Soft Skills: What are they and why do they matter?

Soft skills are a key part of your personal skill set and, in cover letters and interviews, a useful way to demonstrate that you are perfect for a particular role.

Many candidates focus too much on qualifications, training and technical experience. But most applicants will be able to offer all of these. Soft skills are what really help you to stand out from the crowd, and are often valued more by employers.

The difference between soft and hard skills

Hard skills are sometimes referred to as technical skills, whereas soft skills are sometimes called transferable skills. So what's the difference?

Hard skills

Hard skills are the specific abilities you have learned through school, college, university or some other form of training, that allow you to meet the basic criteria specified in the job description.

Some examples of hard skills include:

  • Certificates from professional bodies
  • Foreign language proficiency/fluency
  • Touch typing and minimum typing speed

These are the kinds of abilities that you would expect all applicants for the role to have, especially if the job description lists them as absolute essentials.

Soft skills

Soft skills are more about the way you work than about what you can actually do.
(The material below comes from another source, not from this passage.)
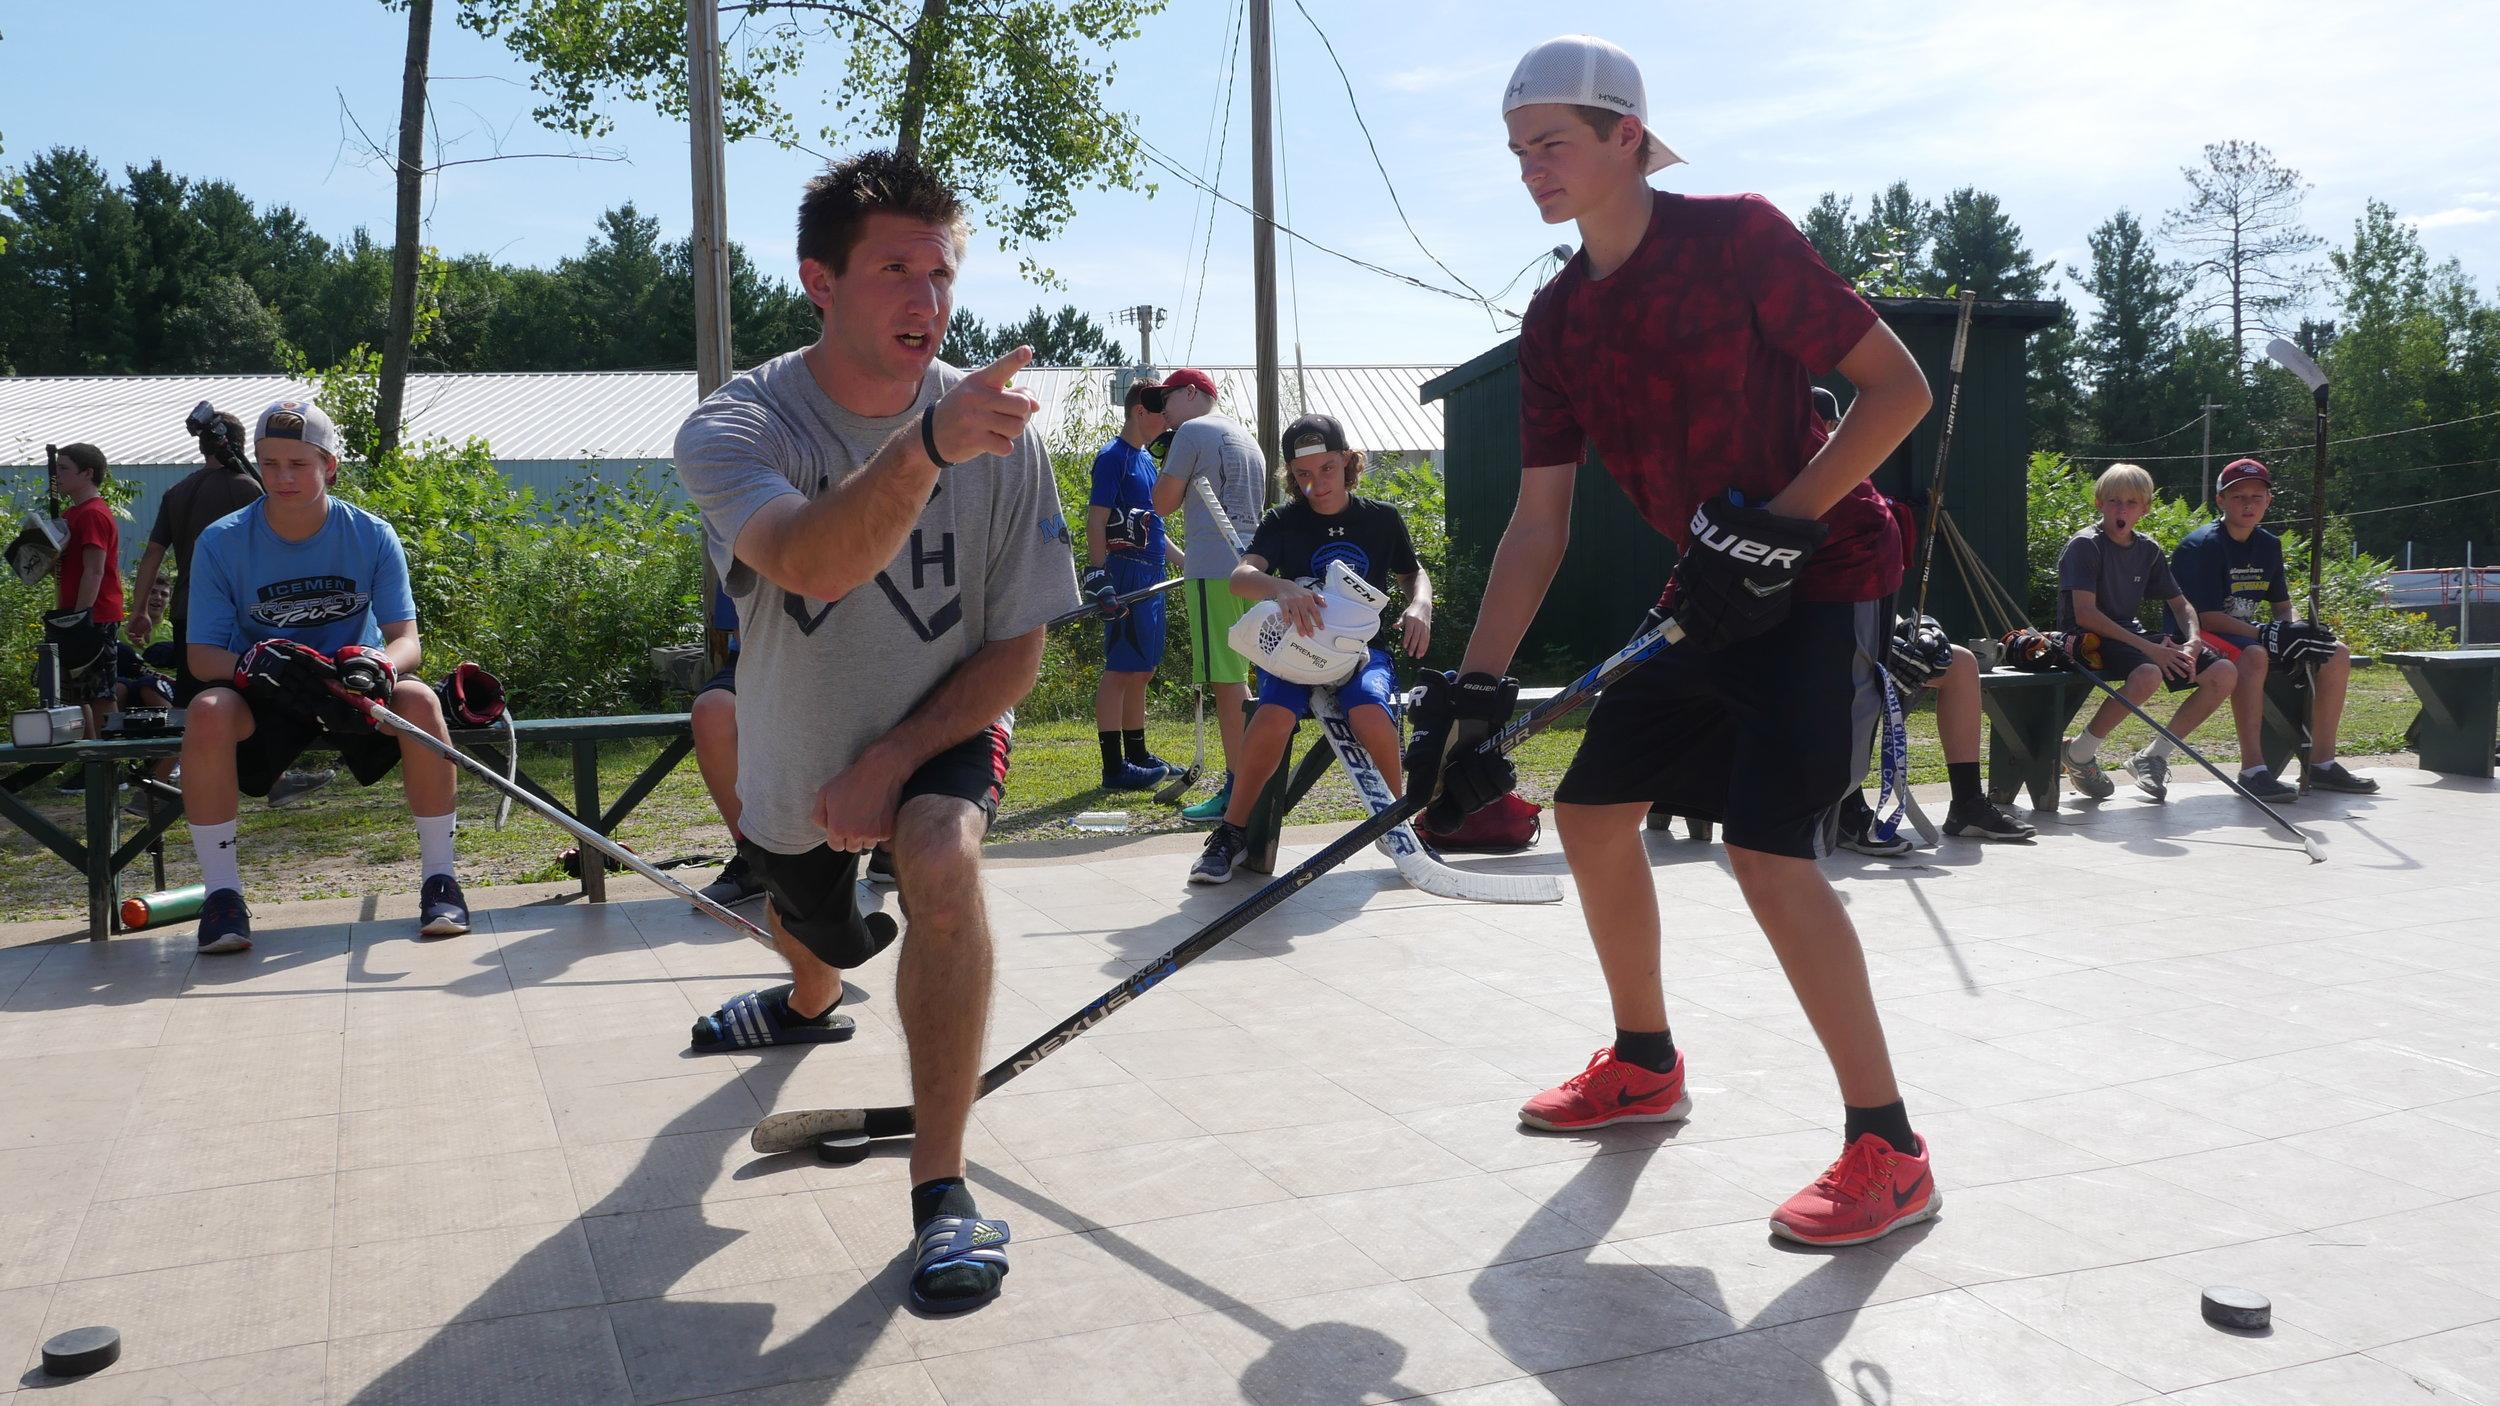 Hockey-Camp-Power-Shooting-Instructor.JPG

They're sometimes called interpersonal skills or even just 'people skills'. Sometimes - although not always - they're related to personality traits that you hold even outside of the workplace.
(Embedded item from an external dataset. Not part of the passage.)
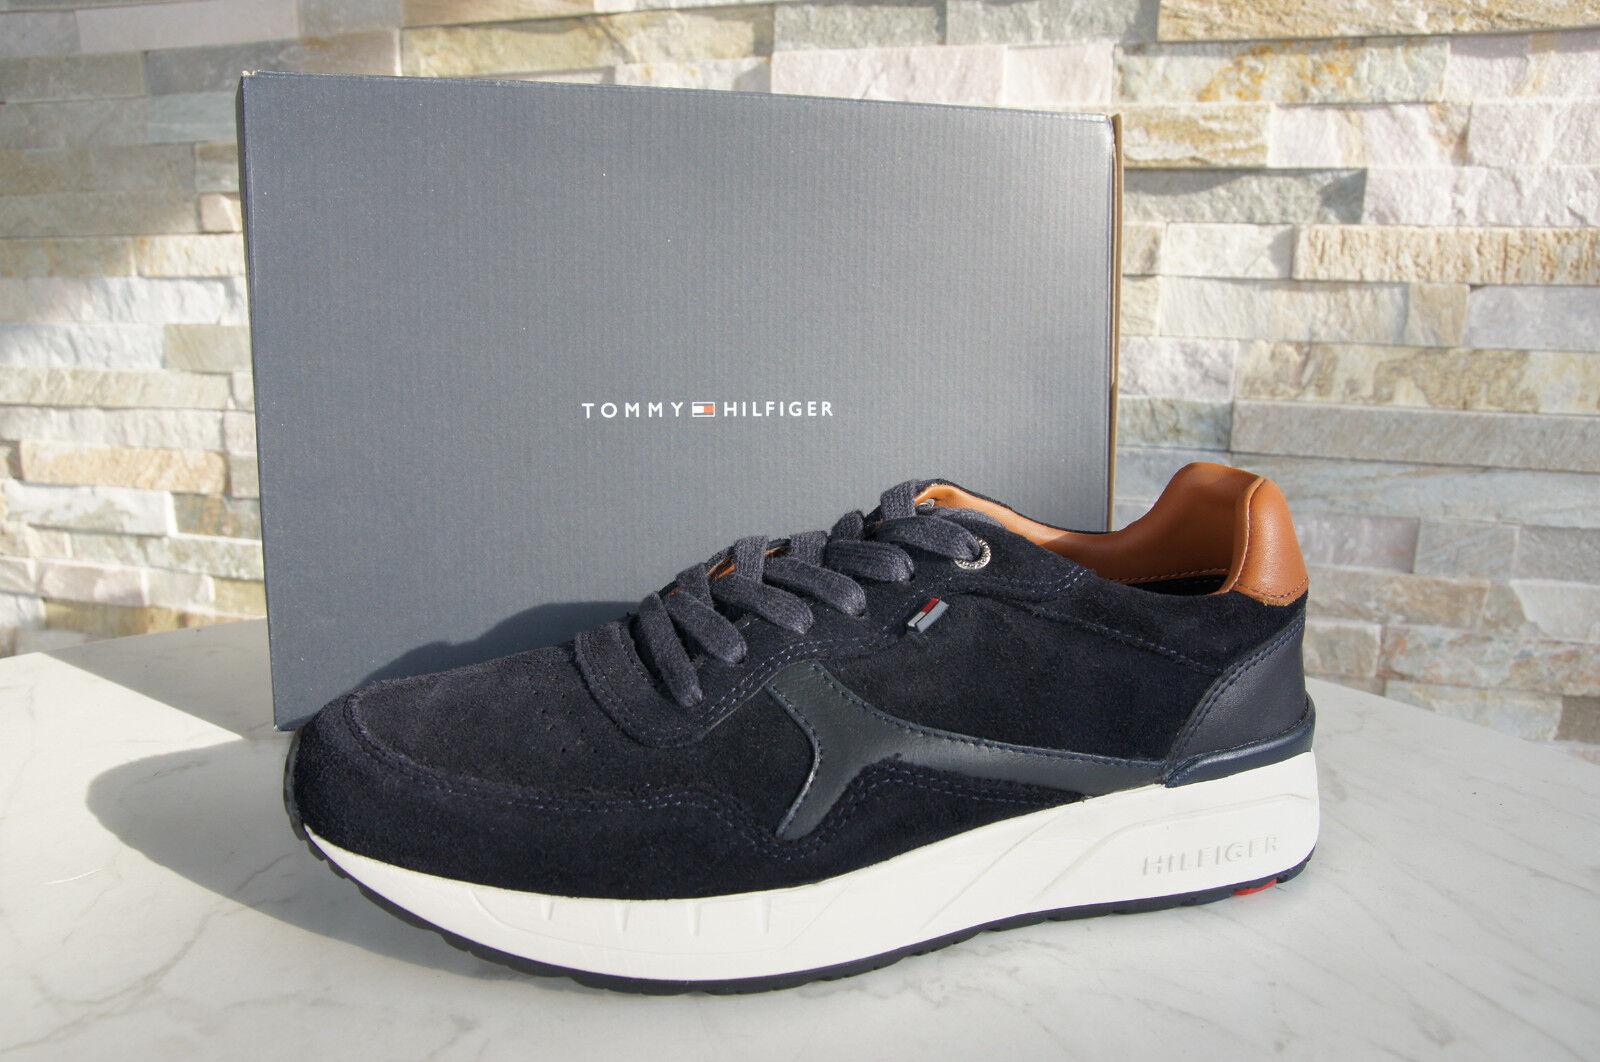 TOMMY HILFIGER Gr 41 Sneakers NEU SchnürZapatos Zapatos RUSH dunkelblau NEU Sneakers UVP 135 6b2ae5

Some examples of soft skills include:

  • Communication
  • Empathy
  • Patience
  • Problem solving
  • Time management

You might consider soft skills to be especially important in a managerial position, where the individual needs to display leadership capabilities through good and bad alike.

Why are soft skills important to employers?

After spending years at university, you might wonder why employers care more about your soft skills than they do about your degree classification - and of course both are important in different ways.

Soft skills can be harder to prove on a CV, as anyone can claim to work well in a team or to communicate well with others. It's not so easy to back this up at the interview stage, unless you have some specific examples to support your claims.

But remember, nearly every applicant will meet at least the basic criteria for the job, otherwise (with a few speculative exceptions) they would not have applied. So employers need a way to distinguish between the many applications they receive.

Soft skills and company culture

The corporate culture of a company is what helps it to run smoothly. Colleagues need to be able to rely on each other, to work as a team and to communicate when something goes wrong.

Hard skills can be taught, but soft skills (on the whole) are gained with experience rather than education. That's why they're such a gamechanger at the interview stage: they're valued highly by employers, not easy to gain 'artificially' and help you stand out from the crowd.

Which soft skills are most valuable?

Different jobs demand different soft skills, and you won't always be able to second-guess what the employer is looking for. However, we have found that there are certain interpersonal skills that are in demand time and time again.

Our 'Big Four' soft skills are:


Following instructions is important, but the ability to innovate under all circumstances shows your would-be employer that you will be versatile and dependable.


That all-important soft skill of teamwork comes back time and time again, as in a company with close working relationships between colleagues, no-one is an island.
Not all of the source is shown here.